Since the log file does not specify an ID for either the song or the artist,we need to get the song ID and artist ID by querying the songs and artists tables to find matches based on song title, artist name, and song duration time.

In [34]:
for index, row in df.iterrows():

    # get songid and artistid from song and artist tables
    cur.execute(song_select, (row.song, row.artist, row.length))
    results = cur.fetchone()
    #row = cursor.fetchone() -> This method retrieves the next row of a query result set and returns a single sequence, or None if no more rows are available.
    
    if results:
        songid, artistid = results
    else:
        songid, artistid = None, None
    
    # insert songplay record
    #songplay_data = (df['ts'], df['userId'], df['level'], songid, artistid, df['sessionId'], df['location'], df['userAgent'])   ### WRONG!
    songplay_data = (row.ts, row.userId, row.level, songid, artistid, row.sessionId, row.location, row.userAgent)

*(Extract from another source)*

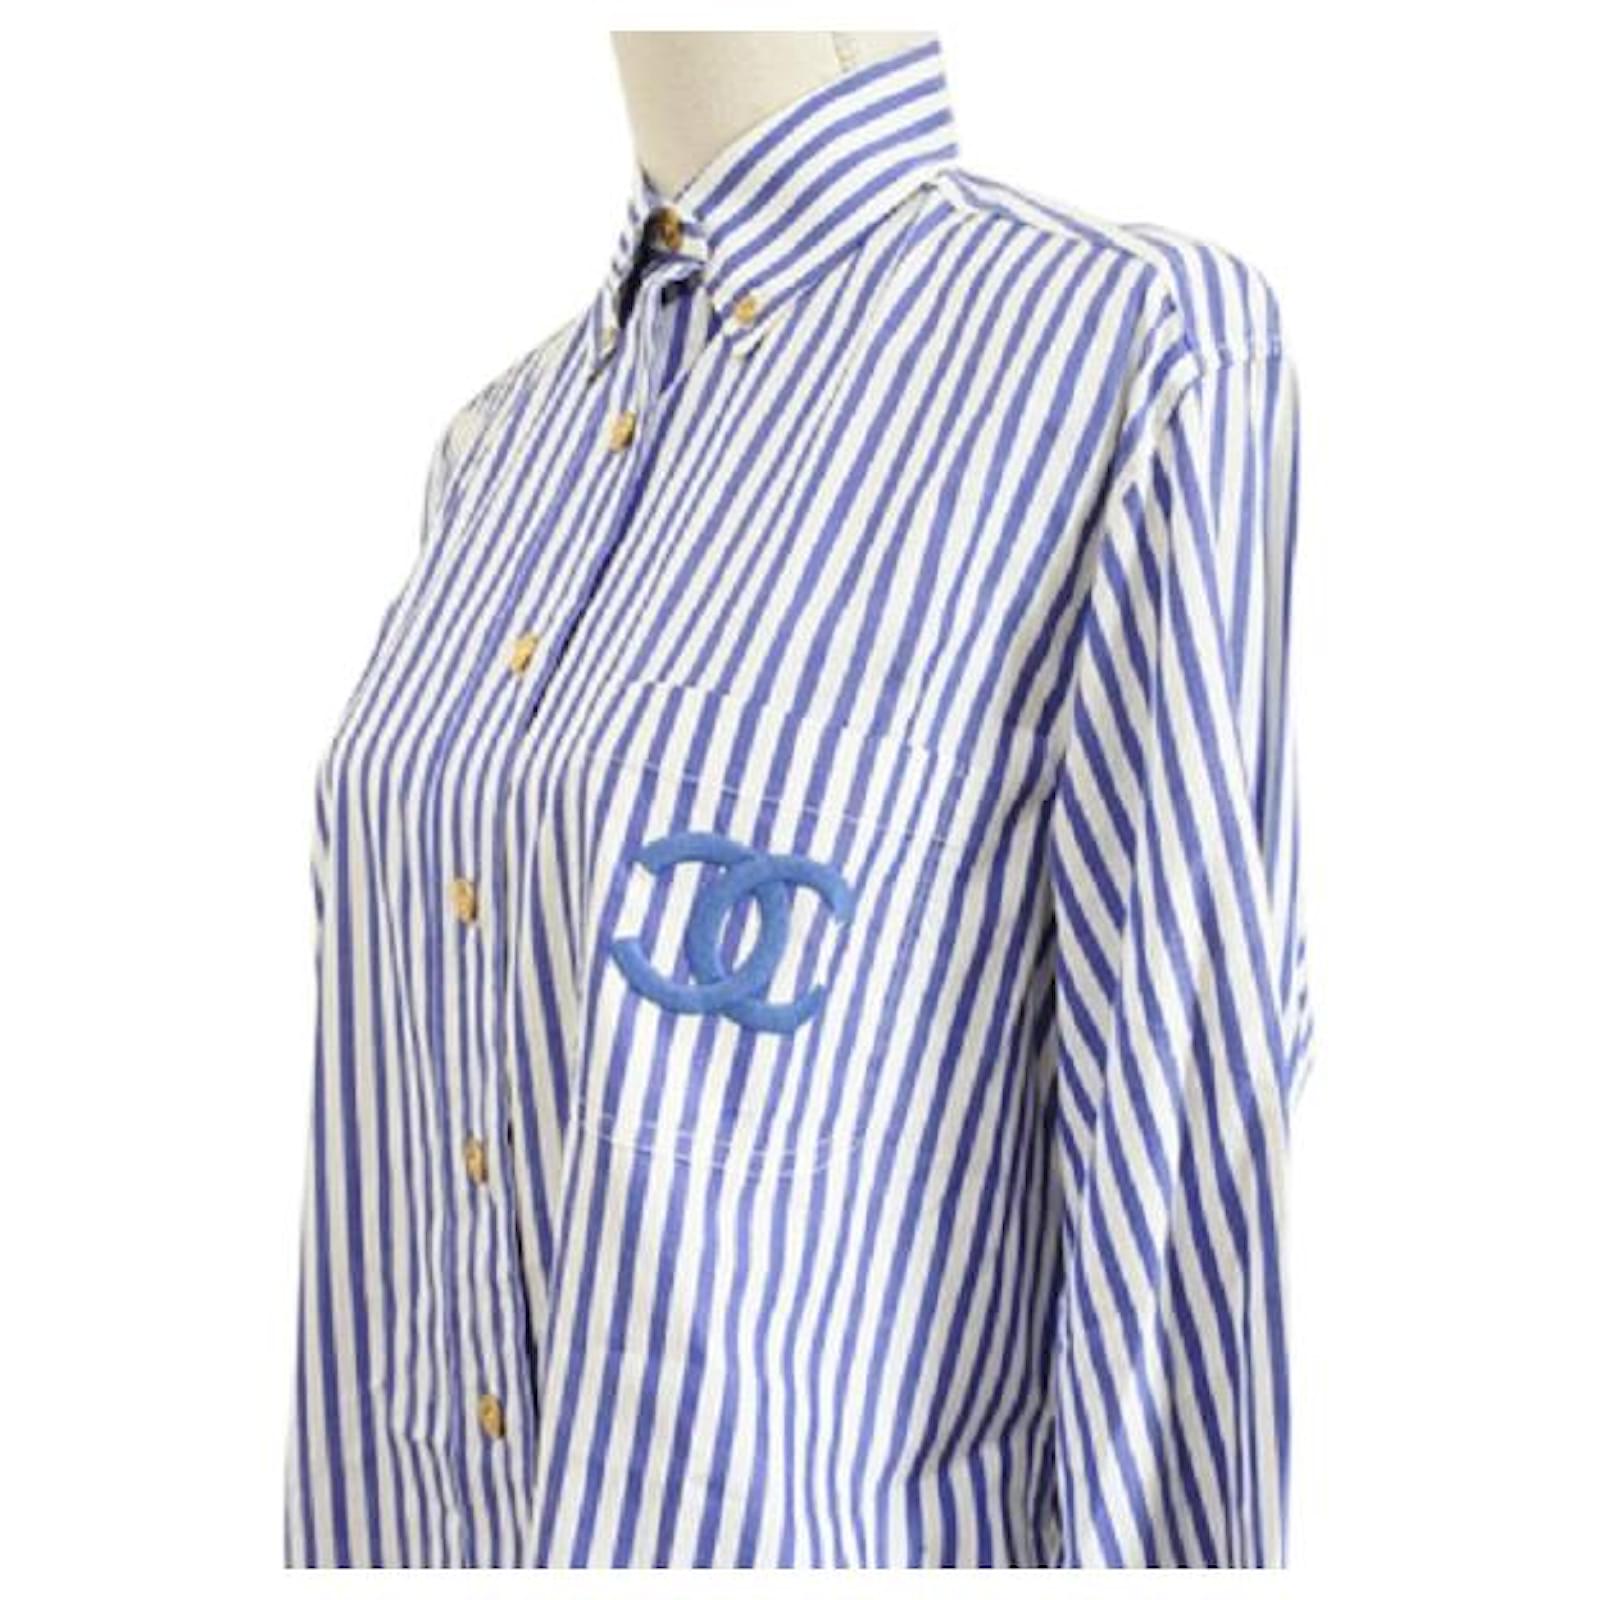 *[Used] Chanel Striped Shirt Pocket Coco Mark White x Blue Gold

    cur.execute(songplay_table_insert, songplay_data)
    
    conn.commit()

In [35]:
songplay_data

(Timestamp('1970-01-01 00:25:41.110994796'),
 101,
 'free',
 None,
 None,
 100,
 'New Orleans-Metairie, LA',
 '"Mozilla/5.0 (Windows NT 6.3; WOW64) AppleWebKit/537.36 (KHTML, like Gecko) Chrome/36.0.1985.143 Safari/537.36"')

In [36]:
type(songplay_data)

tuple

test it :

In [37]:
%sql SELECT * FROM songplays LIMIT 5;

 * postgresql://postgres:***@127.0.0.1/musicdb
5 rows affected.


songplay_id,start_time,user_id,level,song_id,artist_id,session_id,location,user_agent
1,1970-01-01 00:25:41.106107,8,free,,,139,"Phoenix-Mesa-Scottsdale, AZ","""Mozilla/5.0 (Windows NT 6.1; WOW64) AppleWebKit/537.36 (KHTML, like Gecko) Chrome/35.0.1916.153 Safari/537.36"""
2,1970-01-01 00:25:41.106353,8,free,,,139,"Phoenix-Mesa-Scottsdale, AZ","""Mozilla/5.0 (Windows NT 6.1; WOW64) AppleWebKit/537.36 (KHTML, like Gecko) Chrome/35.0.1916.153 Safari/537.36"""
3,1970-01-01 00:25:41.106497,8,free,,,139,"Phoenix-Mesa-Scottsdale, AZ","""Mozilla/5.0 (Windows NT 6.1; WOW64) AppleWebKit/537.36 (KHTML, like Gecko) Chrome/35.0.1916.153 Safari/537.36"""
4,1970-01-01 00:25:41.106674,8,free,,,139,"Phoenix-Mesa-Scottsdale, AZ","""Mozilla/5.0 (Windows NT 6.1; WOW64) AppleWebKit/537.36 (KHTML, like Gecko) Chrome/35.0.1916.153 Safari/537.36"""
5,1970-01-01 00:25:41.107054,8,free,,,139,"Phoenix-Mesa-Scottsdale, AZ","""Mozilla/5.0 (Windows NT 6.1; WOW64) AppleWebKit/537.36 (KHTML, like Gecko) Chrome/35.0.1916.153 Safari/537.36"""


# Close connection to musicdb database

In [38]:
conn.close()

Note :
Restart this notebook to close connection to musicdb.
Each time you run the cells above, remember to restart this notebook to close the connection to the database. Otherwise, won't be able to run the code in `create_tables.py`, `etl.py`, or `etl.ipynb` files since can't make multiple connections to the same database (in this case, musicdb).